Invasores à espreita

Moro num apartamento bem pequeno. Por vezes até me sinto sufocada, pouco espaço para andar, para guardar as coisas. Não que eu tenha muita coisa para guardar. Não tenho uma mobília tão grande, mas minha filha tem uma certa quantidade de brinquedos e a falta de um cantinho para que ela possa espalhar sua “bagunça”, às vezes faz a sala ficar quase que intransitável. Faz parte, né.

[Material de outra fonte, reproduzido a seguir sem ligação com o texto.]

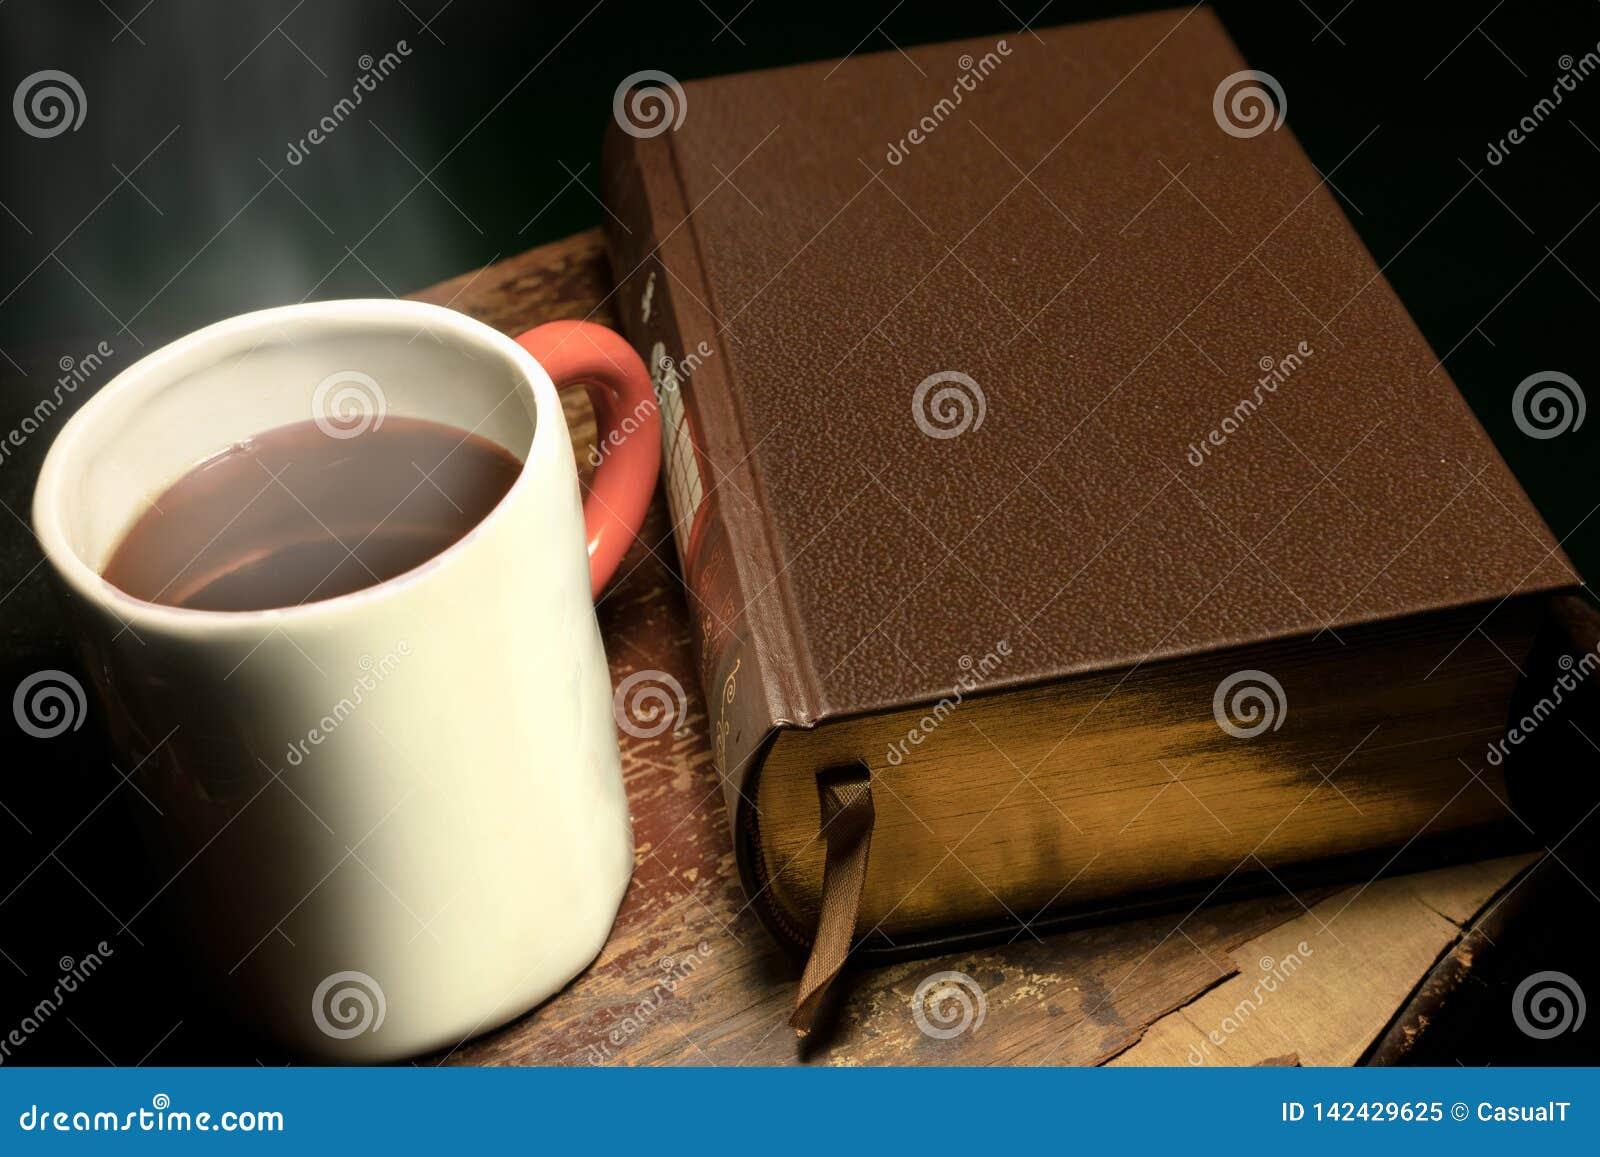 A rånar med kokhett te eller kaffe som förläggas bredvid en stor läder-destinerad bok, på en gammal och sliten trätabell

Mas esse cantinho pequeno, com pouco conforto, tem me proporcionado alguns bons e intensos momentos de encantamento, de deslumbre, que me fazem superar a falta de espaço. Buscarei ainda, num futuro próximo, um lugar maior. Aqui foi meio que um improviso. Com a pandemia, sem muitas alternativas, fomos ficando. O fato é que tenho o prazer de acompanhar, quase que diariamente, pela janela da sala, o pôr do sol. Um momento de magia e beleza ímpar, capaz de trazer paz e quietude, mesmo quando o dia está terminando tenso, com as baterias quase descarregadas. Em alguns dias, após o evento do sol se despedindo, tenho a alegria de contemplar a lua nova, prateada, linda, singela. Poesia pura escrita pelo autor sagrado.

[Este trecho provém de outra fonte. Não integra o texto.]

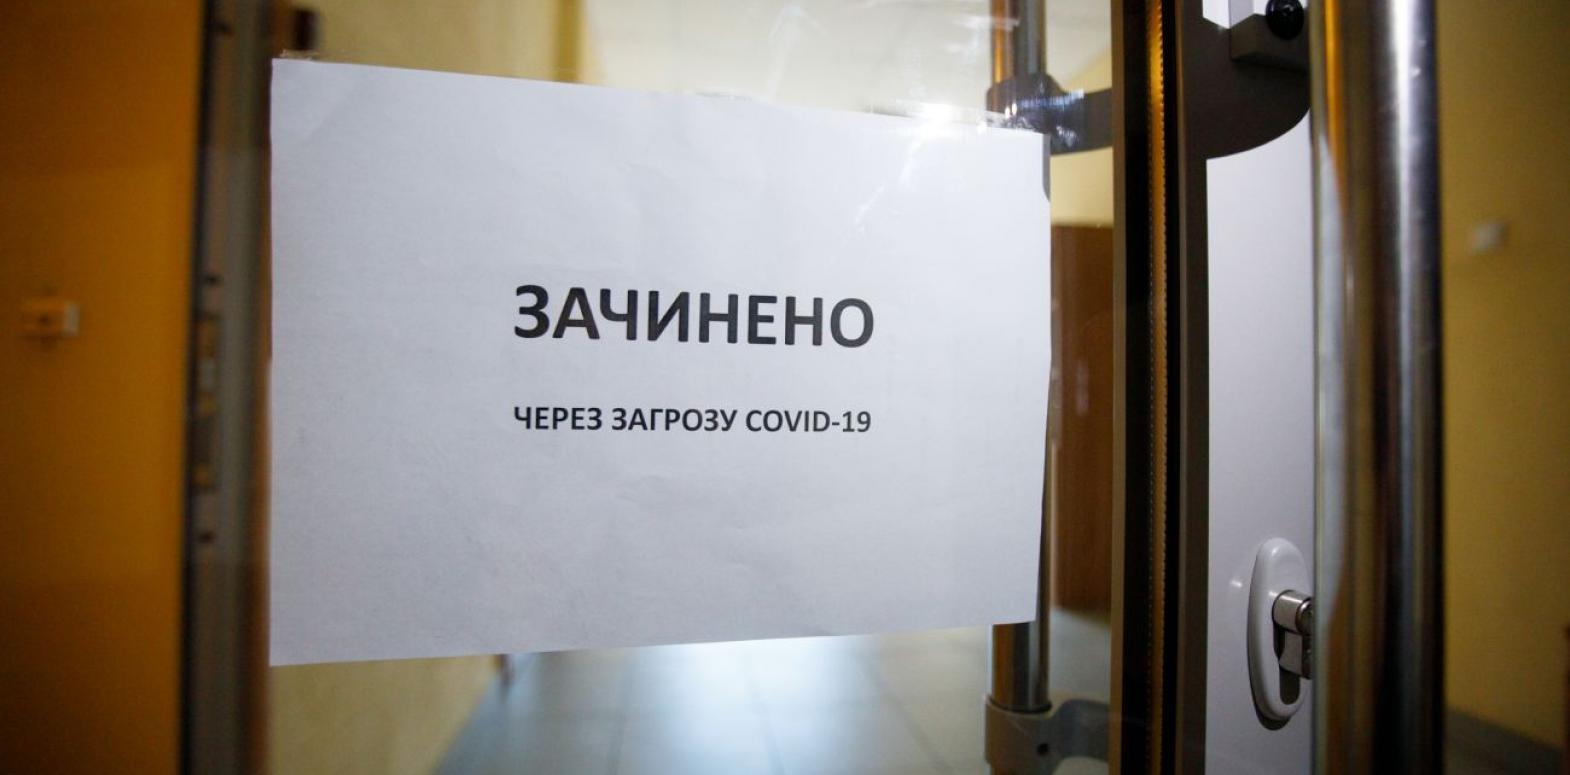 """Бизнес с началом кризиса частично ушел в """"тень"""", - Минэкономики"""

Na minha minúscula cozinha, respiro o ar do amanhecer que me vem de outra janela, esta virada para o norte. E através dela também contemplo o balé dos passarinhos. Moro num bairro com cara de interior, muito bem servido de pássaros, em especial as rolinhas, que me fazem recordar minha infância. Também me trazem lembranças da minha mãe, que há poucos meses se foi para junto do Pai. Ela sempre nos contava que na infância criava rolinhas em casa. Era fiel defensora dessas avezinhas e reconhecia o canto delas, sabendo inclusive diferenciar de qual espécie se tratava. As que habitam essa região onde moro são as de cor marrom, no interior chamávamos “rolinhas caldo-de-feijão”. Elas são lindas.

Ultimamente, além da brisa matinal na hora de preparar o café, tenho a companhia de um casal de rolinhas que anda preparando o ninho num poste, em meio ao emaranhado de fios, no encaixe de um “braço” de sustentação da luminária. Elas tentaram construir esse ninho na calha de uma casa, mas parece que as espantaram de lá. Encontraram no poste o lugar apropriado para depositar os ovos que trarão filhotes muito em breve. Isso, é claro, se nenhum predador, em especial os humanos, fizerem algum mal a esse lindo casalzinho.

Ocorre que, assim como entre nós humanos há aqueles que buscam se aproveitar do trabalho dos outros (no ambiente familiar, no trabalho, nos diferentes espaços da vida social), deparei-me hoje com um pardal querendo se apropriar do ninho das rolinhas. Ele voava insistentemente ao redor e tentava, com o bico, retirar os galhinhos que formavam o ninho. Percebi que os donos da casa não estavam. Fiquei preocupada, mas nada poderia fazer, apenas esperar e torcer para que os donos do ninho chegassem. E eles chegaram. E colocaram o invasor pra correr. Agora quando chego na cozinha vou logo olhar como está a situação. Sempre vejo um no ninho e o outro por perto, pastoreando.

Fiquei aqui refletindo sobre as mudanças e os processos evolutivos no mundo. Hoje pássaros fazem ninhos nos postes de iluminação. Hoje entre nós, humanos, há uma disputa por querer tomar o espaço do outro, da outra, mas de formas bem diferentes. Na política, por exemplo, se faz até “colheita de provas”, para derrubar a escalada de alguém a um determinado cargo. Invadem site da instituição de pesquisas que arquiva projetos e currículos de inúmeros cientistas e pesquisadores e, como se não bastasse lidar com um vírus invasor, que rouba vidas, que nos tira as pessoas que amamos, ainda invadem o site onde se armazenam as informações de vacinas, os dados de registros dos casos da doença e assim por diante. Se na antiguidade as guerras eram pelos espaços físicos, terras, para ampliar o poderio, hoje as tentativas de apropriação indevida acontecem também na nuvem, no espaço cibernético. Os tesouros estão no ciberespaço. As disputas agora são pelas informações, pelos algoritmos.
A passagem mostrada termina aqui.